Der Markt für persönliche Bankkarten weist eine signifikante regionale Heterogenität in Bezug auf Wachstumsraten, Produktmix und zugrunde liegende Nachfragetreiber auf, die Unterschiede in der Reife der Finanzinfrastruktur, den regulatorischen Umgebungen und dem Verbraucherverhalten widerspiegelt.
Nordamerika bleibt die reifste und umsatzstärkste Region und machte 2025 schätzungsweise 35–38 % des gesamten globalen Marktwertes aus. Die Vereinigten Staaten treiben den Großteil des regionalen Umsatzes durch ihr hochentwickeltes Kreditkartenökosystem an, wobei Premium-Kartenprodukte, Co-Brand-Partnerschaften und revolvierende Kredite erhebliche Interchange- und Zinseinnahmen generieren. Die regionale CAGR wird auf etwa 1,8–2,0 % geschätzt, was eine Marktsättigung bei der Kartendurchdringung in Verbindung mit regulatorischen Gegenwinden aus Diskussionen über Interchange-Gebührenreformen widerspiegelt. Kanada und Mexiko tragen zum sekundären Wachstum bei, wobei Mexiko mit der Ausweitung der Bankeninfrastruktur eine schnellere Akzeptanz zeigt.
Europa repräsentiert den zweitgrößten regionalen Block mit einem geschätzten Umsatzanteil von 25–28 %. Das Vereinigte Königreich, Deutschland und Frankreich sind die Anker des regionalen Volumens, mit hohen Kontaktlos-Kartendurchdringungsraten in den nordischen Ländern und den Benelux-Märkten. Die regulatorische Standardisierung unter PSD2 und dem EU-Interchange-Gebührenrahmen moderiert die Rentabilität der Emittenten, fördert aber die Interoperabilität.
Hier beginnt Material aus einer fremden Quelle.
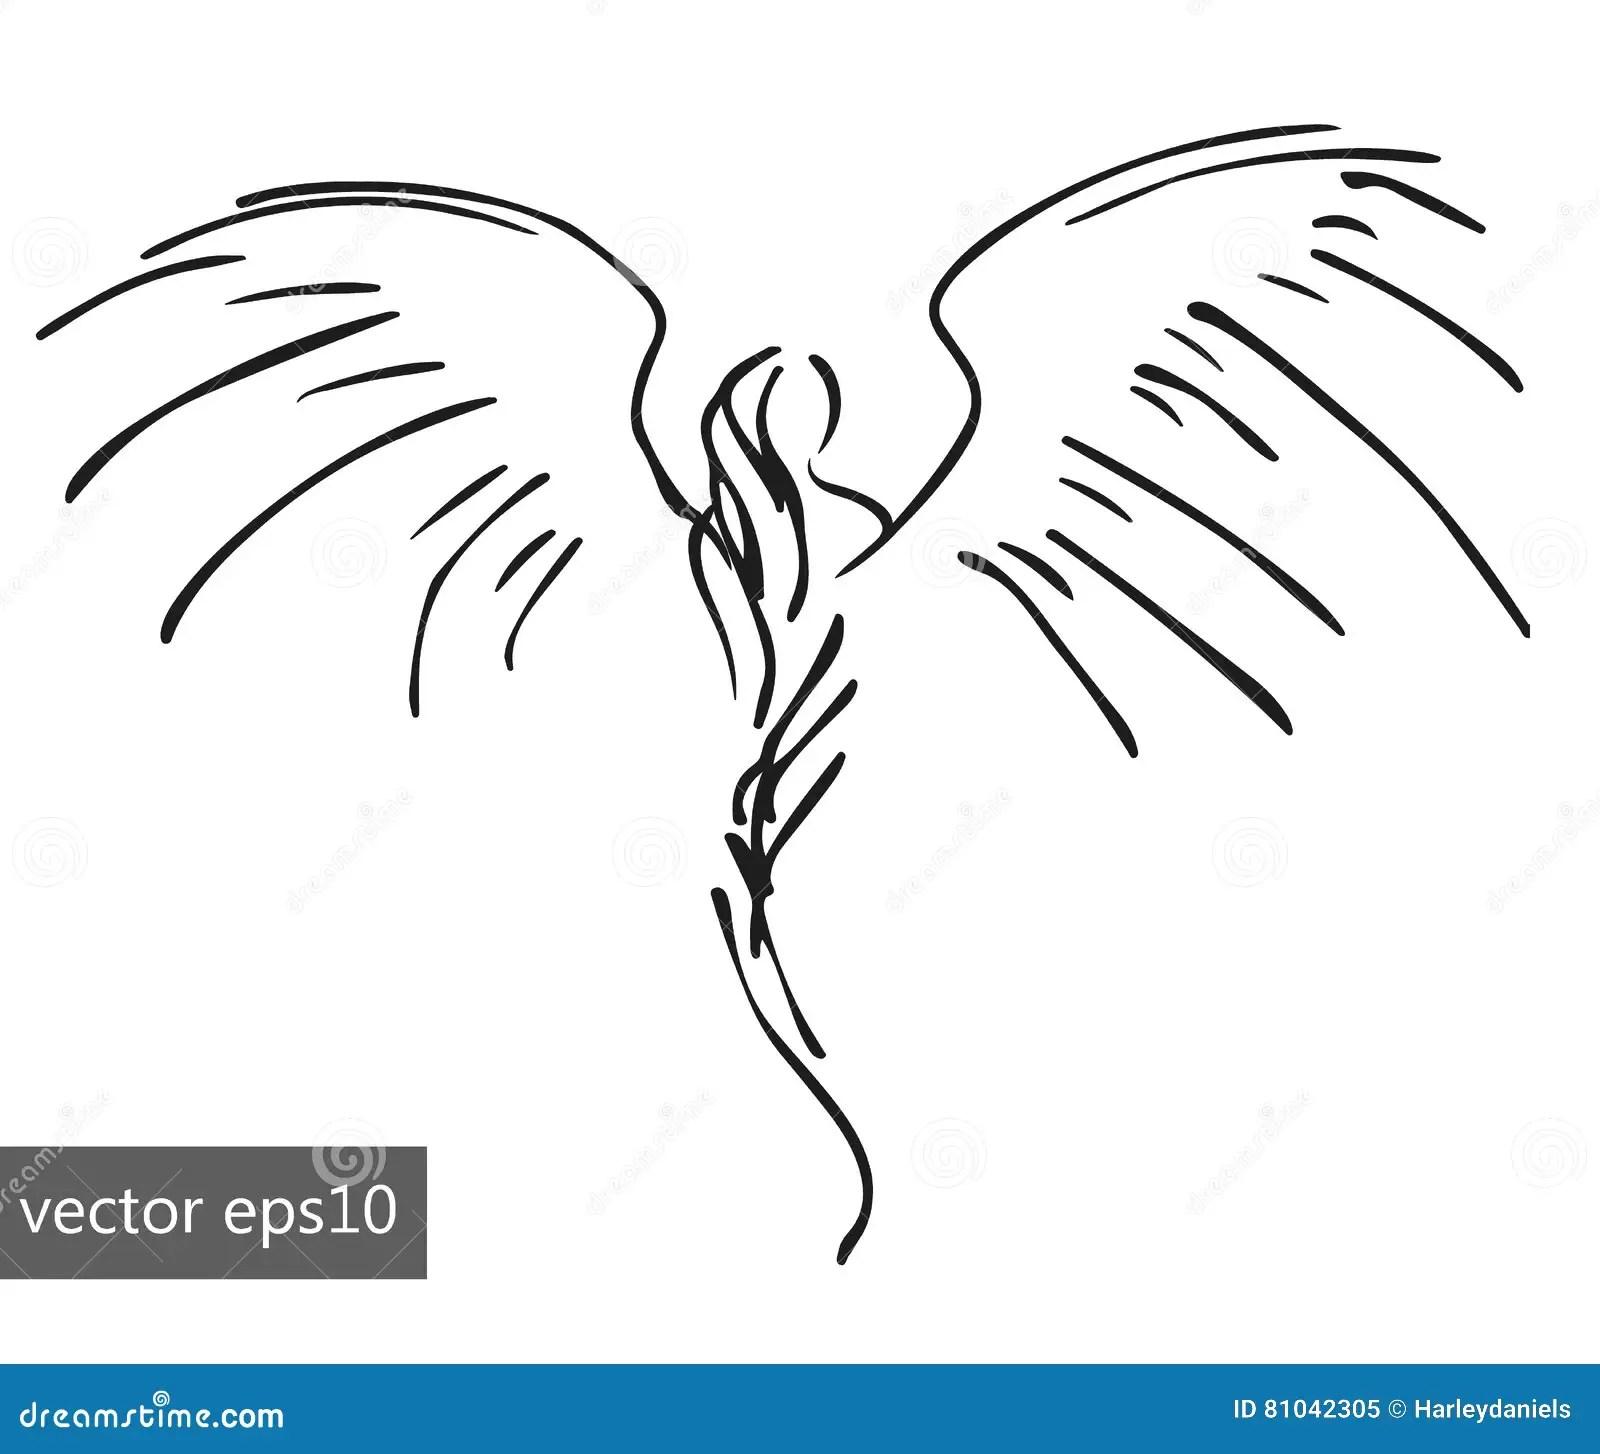 Simple Pinstriping Angel Cartoon Vector

Die regionale CAGR wird auf 2,0–2,3 % geschätzt, wobei Osteuropa und Russland schneller wachsende Taschen bei der Ausgabe von Debitkarten darstellen.
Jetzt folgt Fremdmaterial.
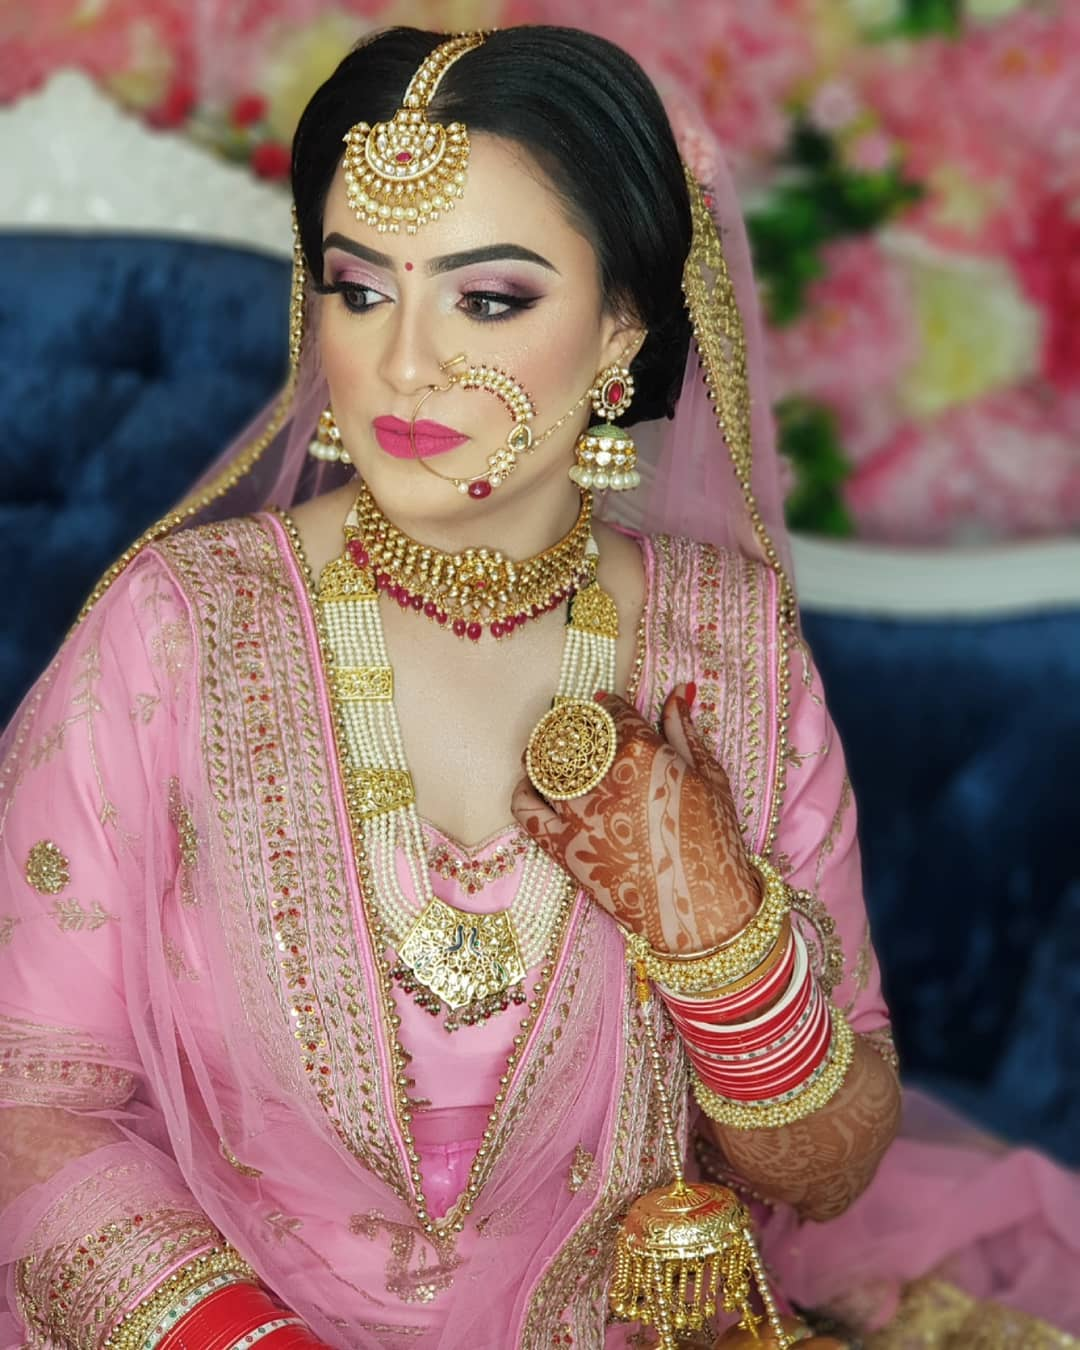 Indian Wedding Makeup Ideas To Look Like Celebs K4 Fashion

Asien-Pazifik ist die am schnellsten wachsende Region, die voraussichtlich bis 2033 mit einer CAGR von 3,5–4,0 % expandieren wird, angetrieben durch Chinas massives digitales Zahlungsökosystem, Indiens UPI-gebundene Kartenausweitung und die wachsende Bankkundenpopulation Südostasiens in Indonesien, Vietnam und den Philippinen. Japan und Südkorea weisen hohe Kartendurchdringungsraten auf, tragen aber ein geringeres inkrementelles Wachstum bei. Der Finanztechnologiemarkt ist in dieser Region am disruptivsten, mit Super-Apps und Neobanken, die aggressiv mit traditionellen Bankkartenemittenten konkurrieren.
Der Nahe Osten und Afrika ist eine aufstrebende Region mit hohem Potenzial, wobei die GCC-Länder eine schnelle Akzeptanz von Premium- und Kontaktlos-Kartenprodukten zeigen, die an hohe Pro-Kopf-Einkommen gebunden sind, während Subsahara-Afrika eine langfristige Wachstumschance für finanzielle Inklusion mit Mobile-First-Kartenakzeptanzwegen darstellt. Die regionale CAGR wird auf 3,0–3,5 % geschätzt.
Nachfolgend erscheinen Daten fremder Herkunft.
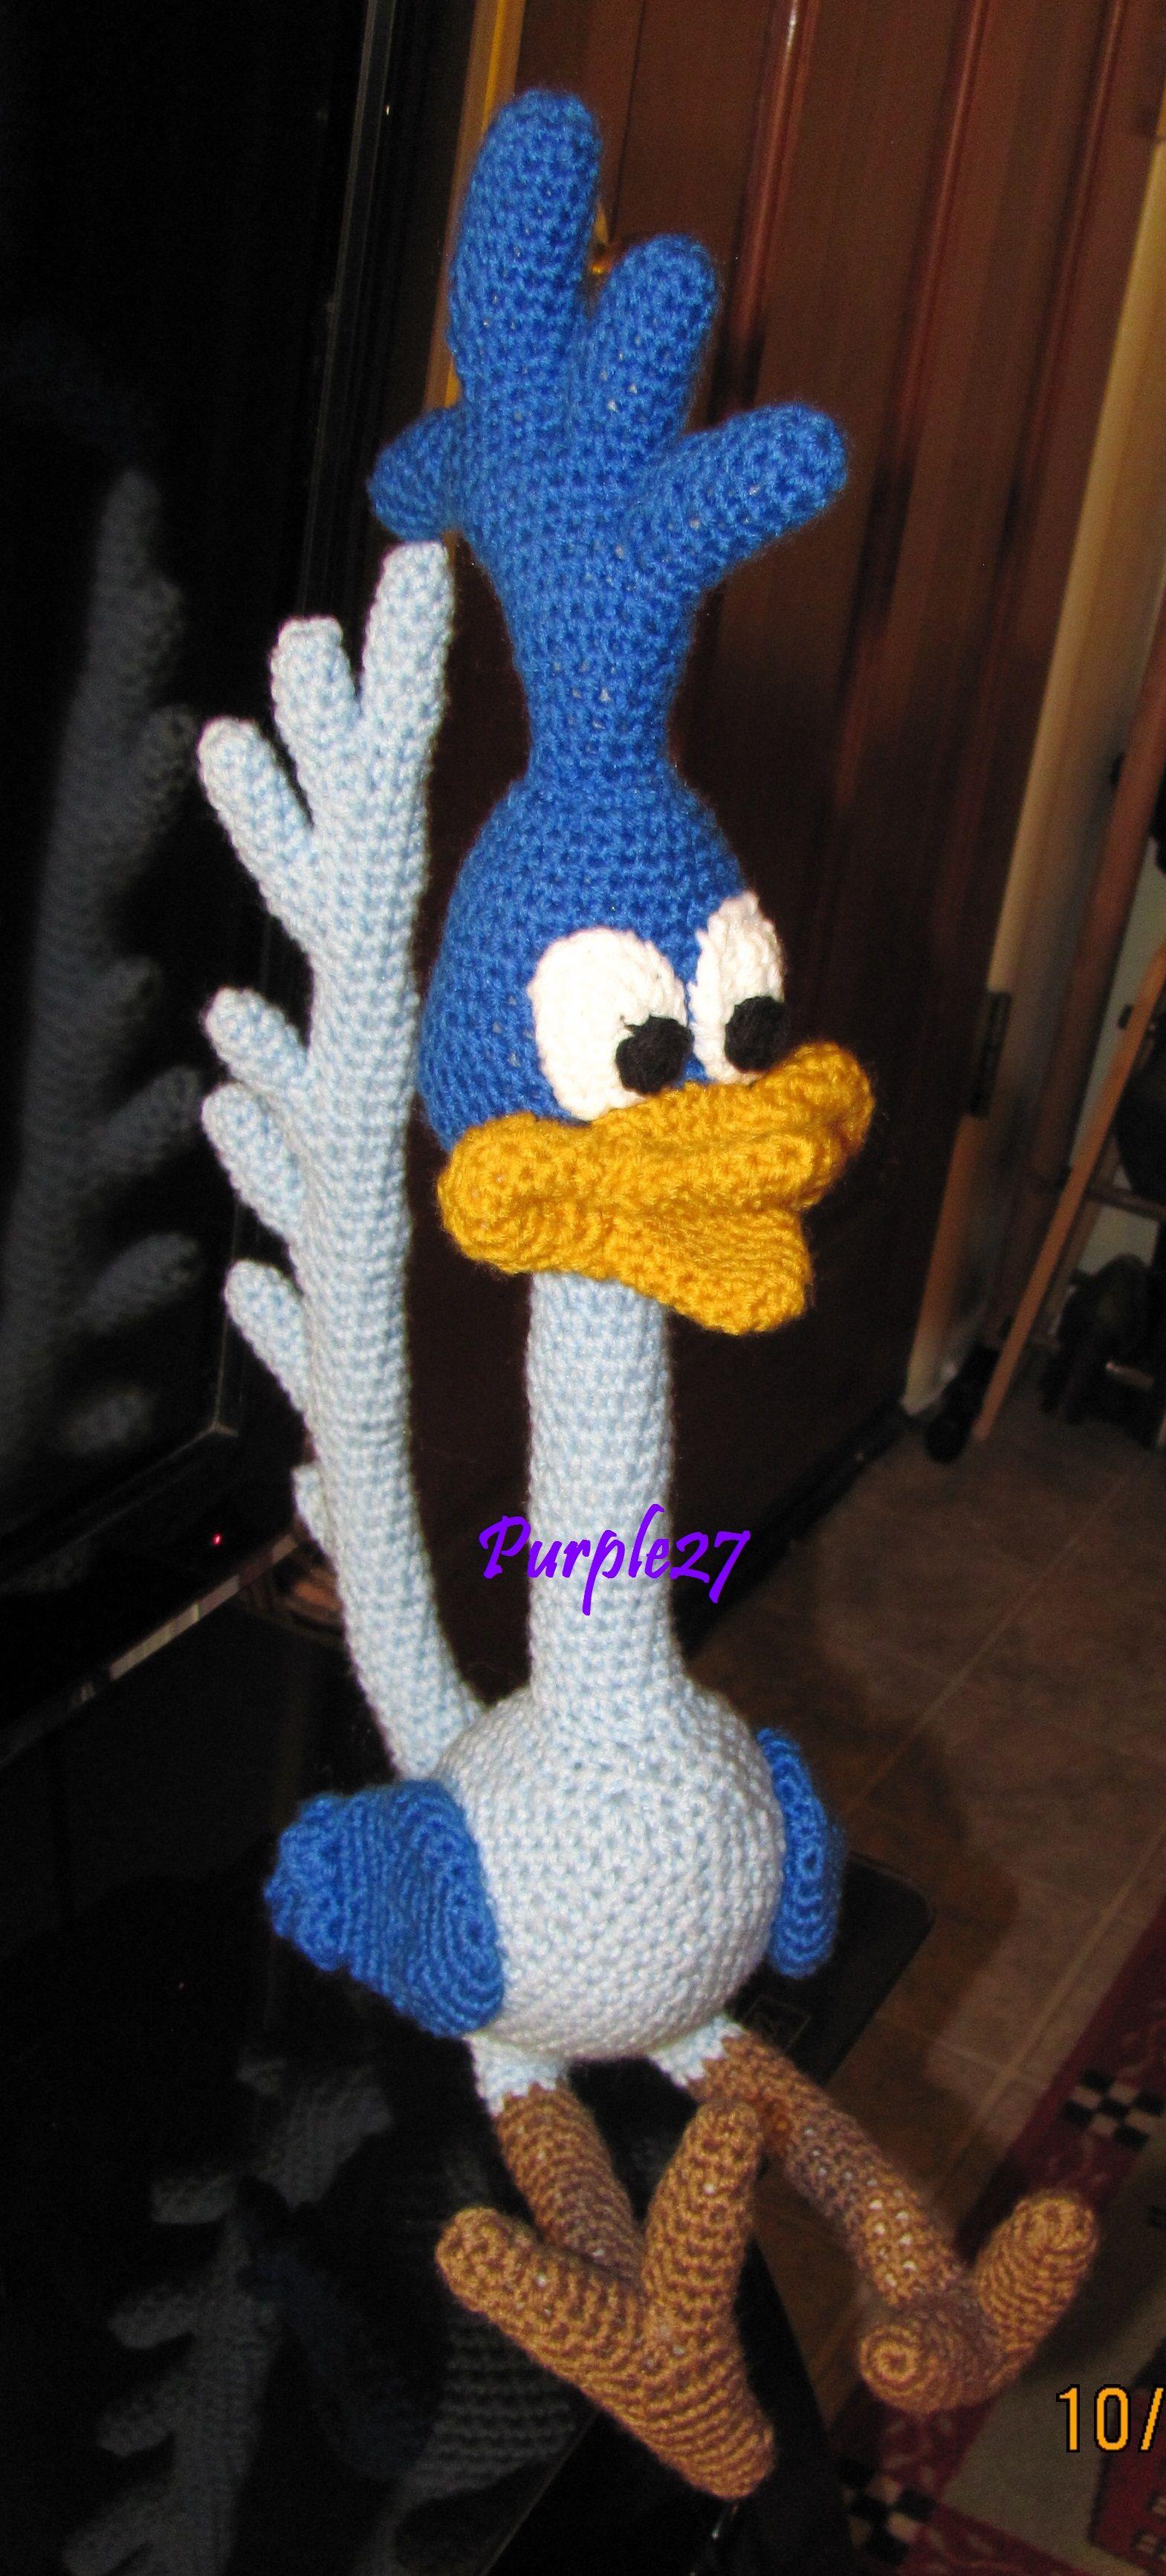 Crochet Roadrunner Pattern Pdf Instant Download 4

Südamerika, angeführt von Brasilien und Argentinien, navigiert ein komplexes Makroumfeld von Inflation und Währungsvolatilität, obwohl Brasiliens Fintech-Ökosystem und Pix-Zahlungsinfrastruktur innovative Kartenproduktverknüpfungen vorantreiben. Die regionale CAGR beträgt etwa 2,5–3,0 %.